El que escribe estas líneas tuvo la suerte de acudir a la JMJ de Madrid en el año 2011, una cita inolvidable para la juventud católica de España y de todo el mundo. Unas palabras de Benedicto XVI quedaron marcadas a fuego en mi memoria y desde entonces hasta ahora me he afanado en intentar ponerlas en práctica.
Sus palabras fueron las siguientes:
«Ahora vais a regresar a vuestros lugares de residencia habitual. Vuestros amigos querrán saber qué es lo que ha cambiado en vosotros después de haber estado en esta noble Villa con el Papa y cientos de miles de jóvenes de todo el orbe: ¿Qué vais a decirles? Os invito a que deis un audaz testimonio de vida cristiana ante los demás. Así seréis fermento de nuevos cristianos y haréis que la Iglesia despunte con pujanza en el corazón de muchos.»
Dar un testimonio audaz de vida cristiana ante nuestros amigos, ¡Tremenda invitación! No sólo es una invitación la de dar un testimonio coherente, también es un deber y una responsabilidad que tenemos con la gente que nos rodea. Si nuestra fe es débil y nuestra práctica religiosa tibia, no seremos un buen fermento en la masa y lo más probable es que nuestros amigos no sientan el atractivo de la fe, de ser jóvenes a contracorriente con las ideas claras y la brújula afinada en medio de un mundo cambiante que se rige por la veleta.
Ser amigo de nuestros amigos, quererles, comprenderles, empatizar con ellos… Todo eso son aspectos fundamentales de la práctica diaria de nuestra fe. Una fe vivida sin caridad y cuyo núcleo no sea el amor a Dios y por lo tanto a los demás, es una fe indolente y comodona. Hay que intentar superar los respetos humanos, esa vergüenza que puede entrarnos para hablarle a un amigo de Dios. Si somos coherentes, nuestros amigos sabrán que para nosotros Dios no es un as en la manga que sacamos a relucir a conveniencia, sabrán que siempre tenemos una palabra esperanzadora cuando las cosas van mal, sabrán que somos cautos y humildes cuando todo parece ir de cara, sabrán que en nosotros podrán encontrar un apoyo firme en el que sustentarse ante posibles circunstancias de la vida. Debemos tener afán de servicio, cuanto más les podamos ayudar y menos se note nuestra ayuda, mejor que mejor. Allanar el camino a la fe de nuestros amigos es sin duda, acercarnos un poquito más a la santidad personal.

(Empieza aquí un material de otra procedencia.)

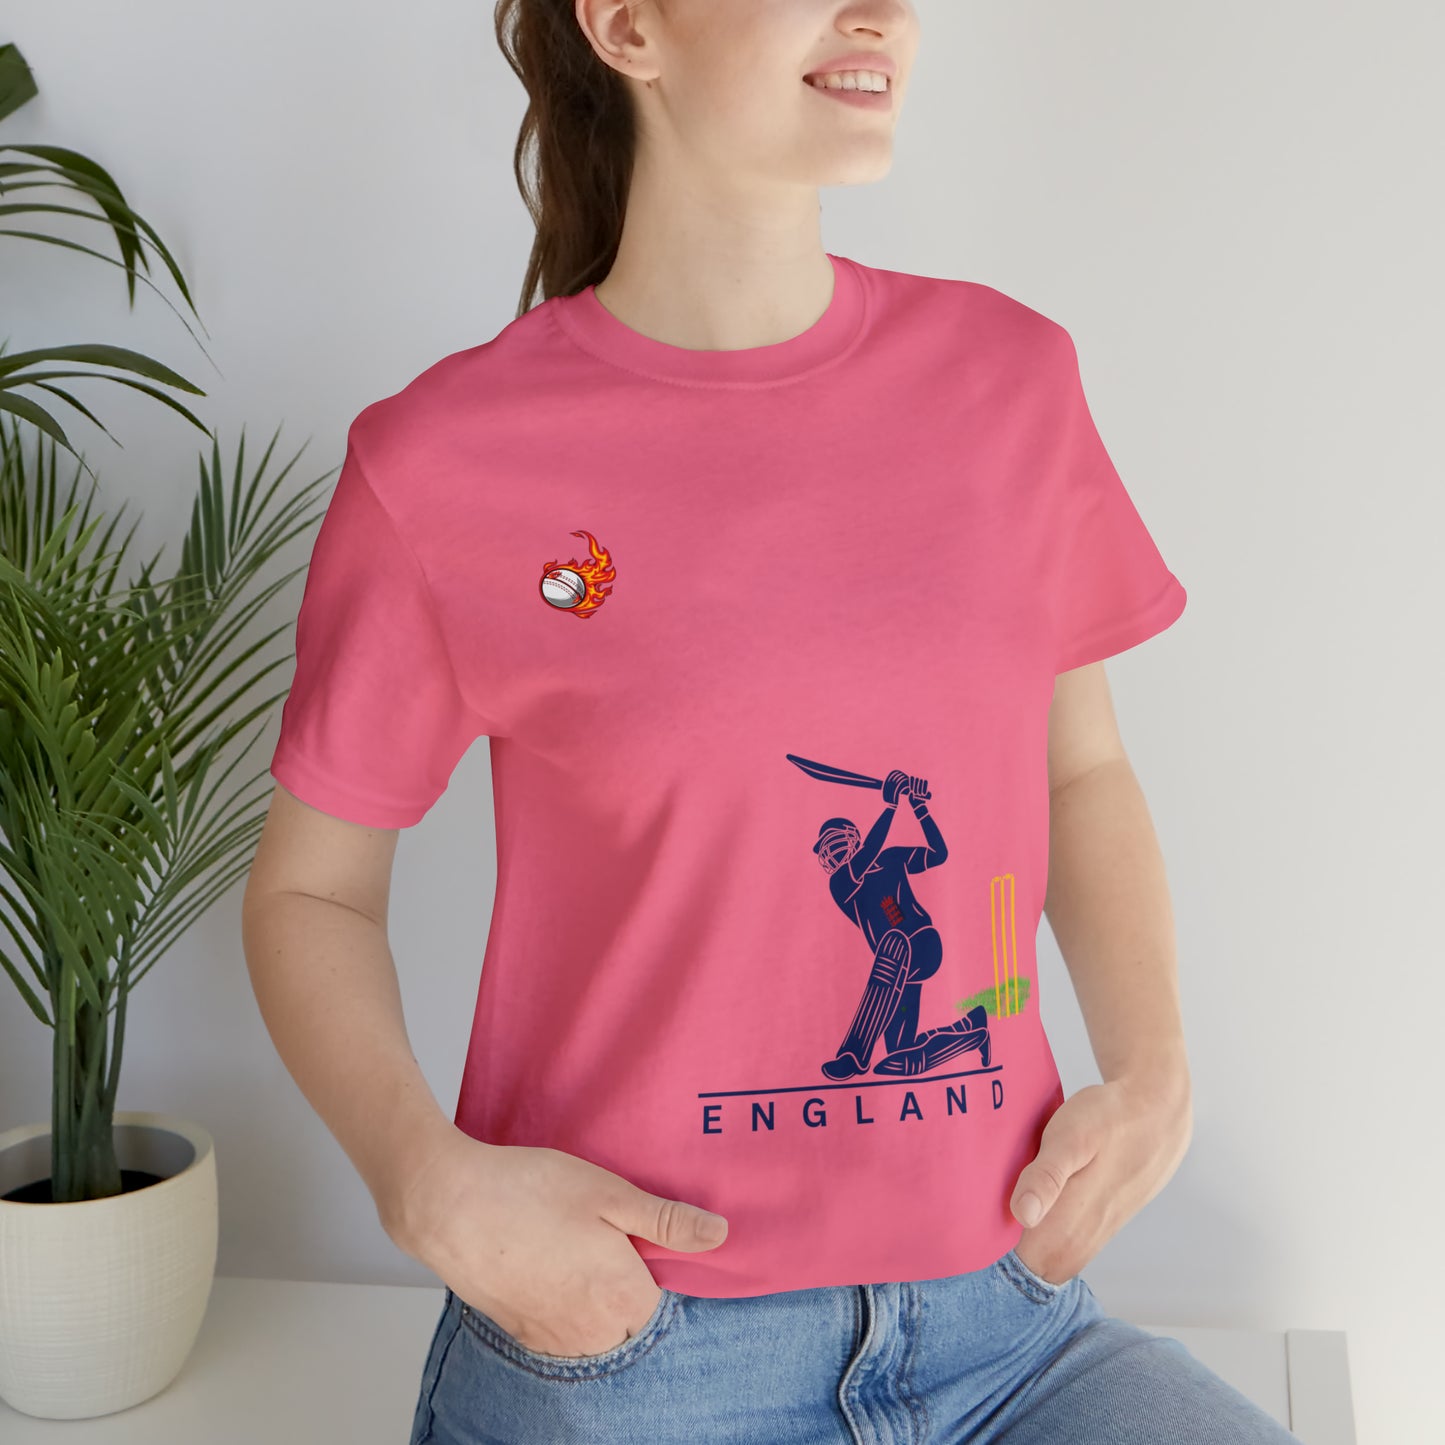 Cricket | 000129 | Unisex-Kurzarm-T-Shirt aus Jersey 
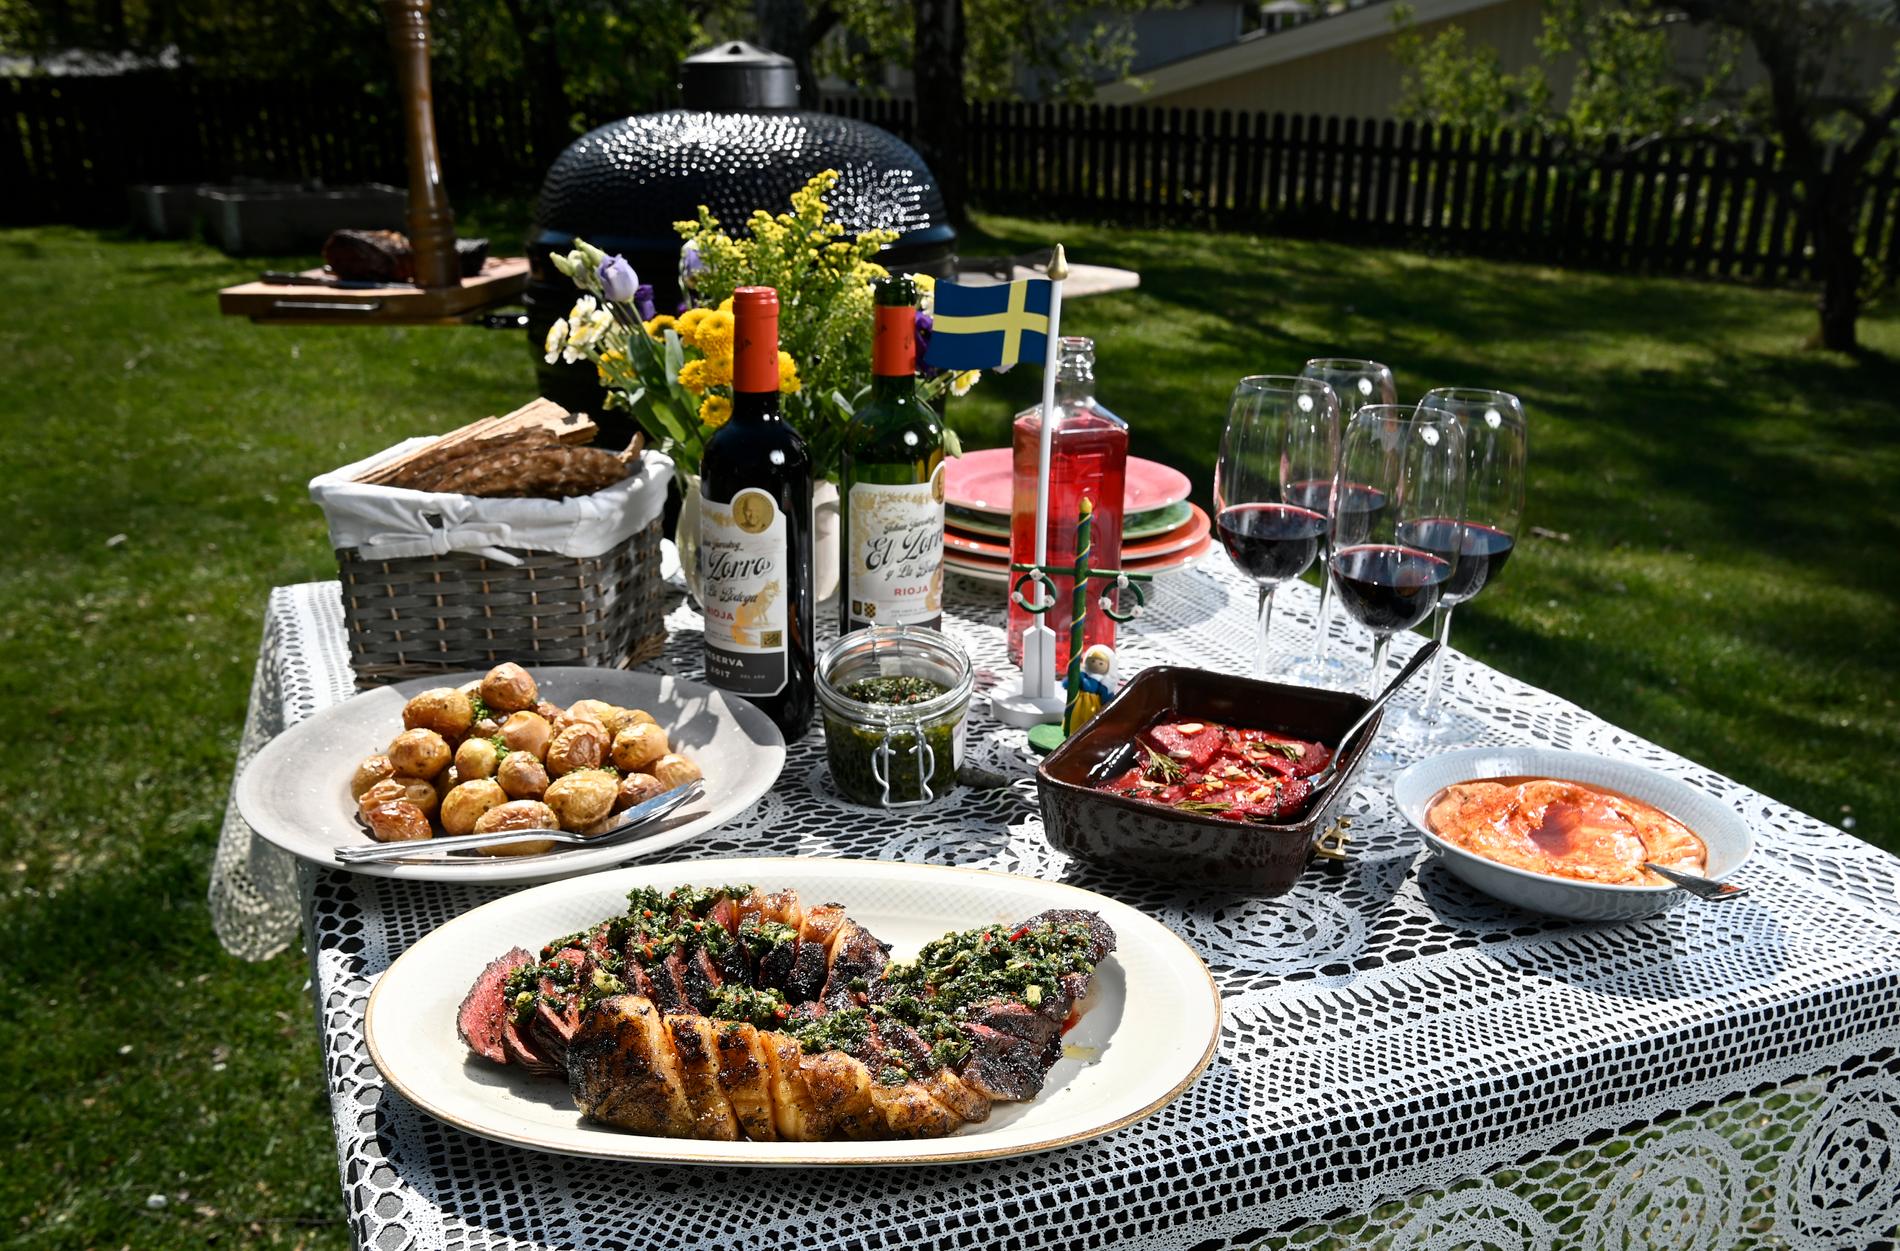 Veckans #Swedengate, om svenskars oförmåga att bjuda på mat, får Nioosha Shams att tänka på den iranska kultur hon också har med sig: ”I Iran har vi något som heter ’tarof’. Det handlar om att bråka i en halvtimme om vem som ska få bjuda den andra på restaurangnotan.” Nioosha Shams har även en uppmaning om midsommarfirande.

Debemos ser conscientes del tremendo don que se nos ha concedido de forma gratuita con la fe, también es bueno recordarlo, dar gracias y pedir más. Nuestra fe es como una vela encendida pero, una vela encendida debajo de nuestra cama es totalmente inútil, la vela de nuestra fe debemos llevarla a quien esté necesitado de luz, con naturalidad, sin hacer cosas raras, recordando que ese amigo tuyo que tienes delante y que afirma no creer en nada es tan hijo de Dios como tu, y por lo tanto hermano tuyo. No contemplo hacer un apostolado eficaz sin la naturalidad y espontaneidad de la amistad, ante todo debemos querer a la gente. Sin amor, corremos el riesgo de convertir a las personas en números, en pura estadística y no estaríamos contribuyendo para nada en hacer un bien.
En resumen, querer mucho a nuestros amigos y hablarles de Dios es algo bueno, natural y deseable pero no debemos perder de vista la caridad y la humildad, el trato personal con Dios y por supuesto la libertad que Dios nos ha dado a todos los seres humanos. Si tenemos en cuenta estas cosas y actuamos en consecuencia, seremos con naturalidad y sin vanagloriarnos de ello como faros luminosos que señalan el camino a casa en medio de una tormenta para muchas personas de nuestro alrededor.